As we approached the restaurant we greeted the folks in their language and straightaway they invited us to join them. I could throw around a dozen words in their language and that was enough to be the center of attention. And in no time there was a young American Peace Corps volunteer who arrived. [In a small village of 3000 the presence of new comers spreads like wildfire which would explain how the young American heard about our group and came over.] He hails from Ohio and was completing his two-year assignment and was looking forward to get to Washington State to pursue his graduate degree. He spoke the language fluently: “Four months of intense language training, five hours a day.”

When the American was describing how a typical farmer’s home looks like, I realized these farmers did not exactly have a low standard of living, recalling how the World Bank defines poverty. “The typical kitchen is no different from what we have in the US. They are prudent so they make their own bread but using a modern-day bread-maker. They have microwave ovens; they have running hot and cold water, washing machines and even western-style bathrooms. They make their own ‘rakia,’ yogurt and strawberry juice. They make heavy breakfasts from corn, understandably because of the long hours they spend in the farm. And from experience, they can tell when rain is coming.”
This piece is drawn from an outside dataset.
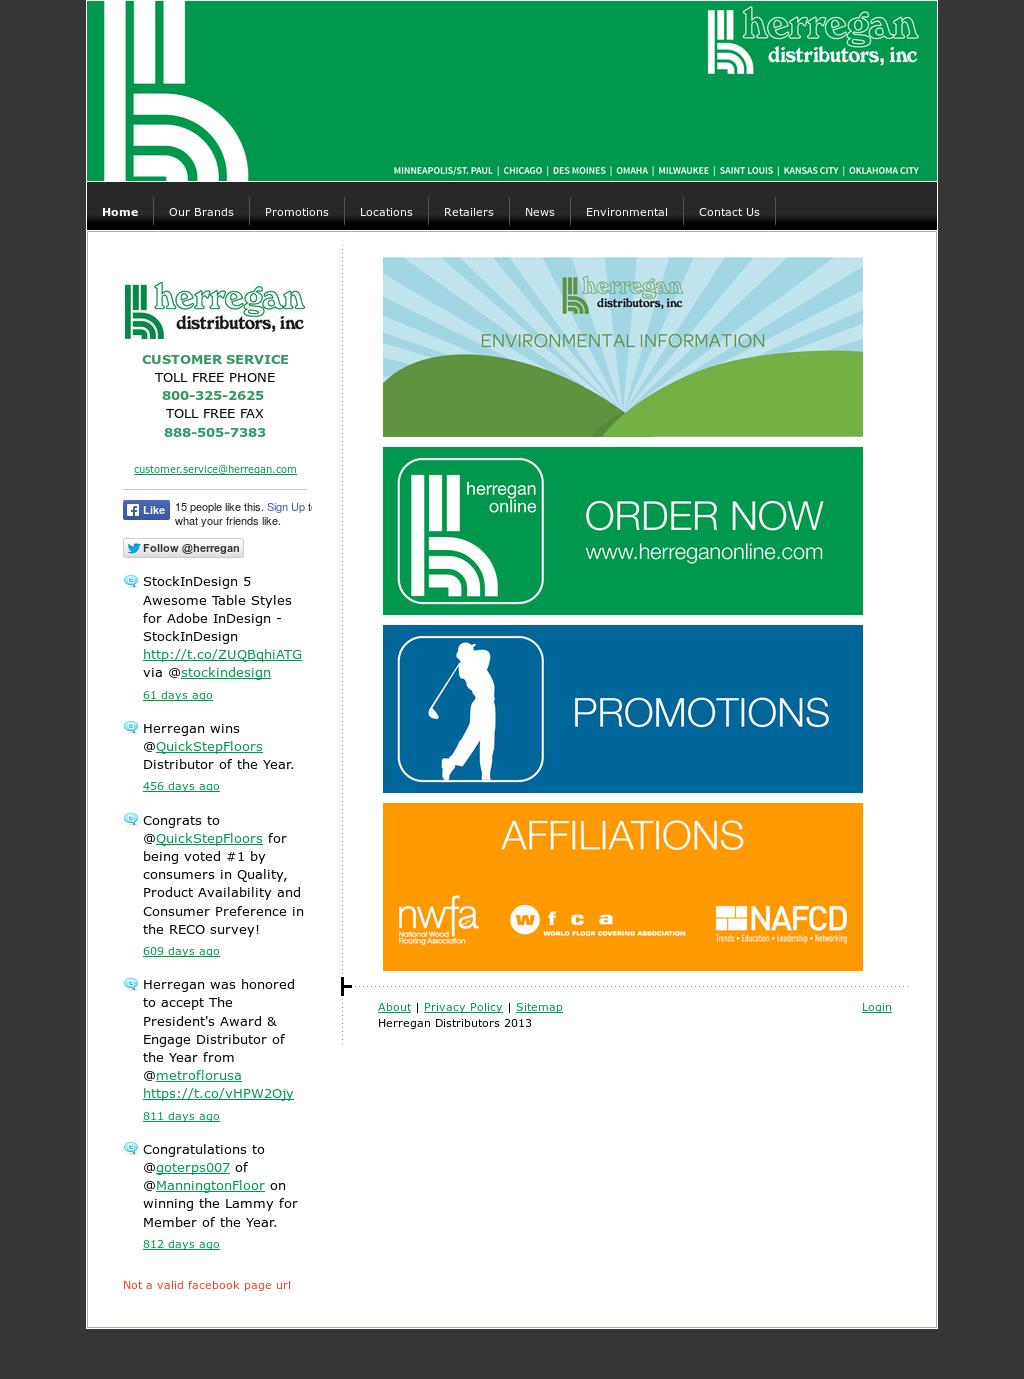 herregan distributors competitors revenue and employees owler

They have no expectations from government. These are generational farmers and whether it was the Ottoman or Communist rule or their current democratic system, life to them is the same. And like everywhere else, some kids would decide to pursue higher education or migrate to the West. But it still is a small village. And so everyone would know where all the kids have gone: those who earned graduate degrees or worked for MNCs, etc. I did not hear about religion although the couple of villages we saw had mosques. “They date back to the Ottoman rule, but religion is not top of mind.” And since it was springtime, the days were longer and as we walked around the village everyone was waving and making us feel welcomed.

There were a couple of schools and the paved roads were limited to the area around the center. And beyond were dirt roads. (They would remind me of the days when my neighborhood in Manila was largely “looban” before the roads were laid out.) Do they need government? Admittedly, this is an old country and 20 kilometers from the village is a town that seemed to have everything, including chic boutique shops for women – Europeans would be Europeans! But in fact they forced the government to resign and call an election following protests against corruption. Is there an assurance that they would get a better one? No. But these people have demonstrated resolve – with seven of them committing self-immolation. They’re a tough bunch! They don’t take things sitting down! I would tell them about Rizal, who didn't take things sitting down too!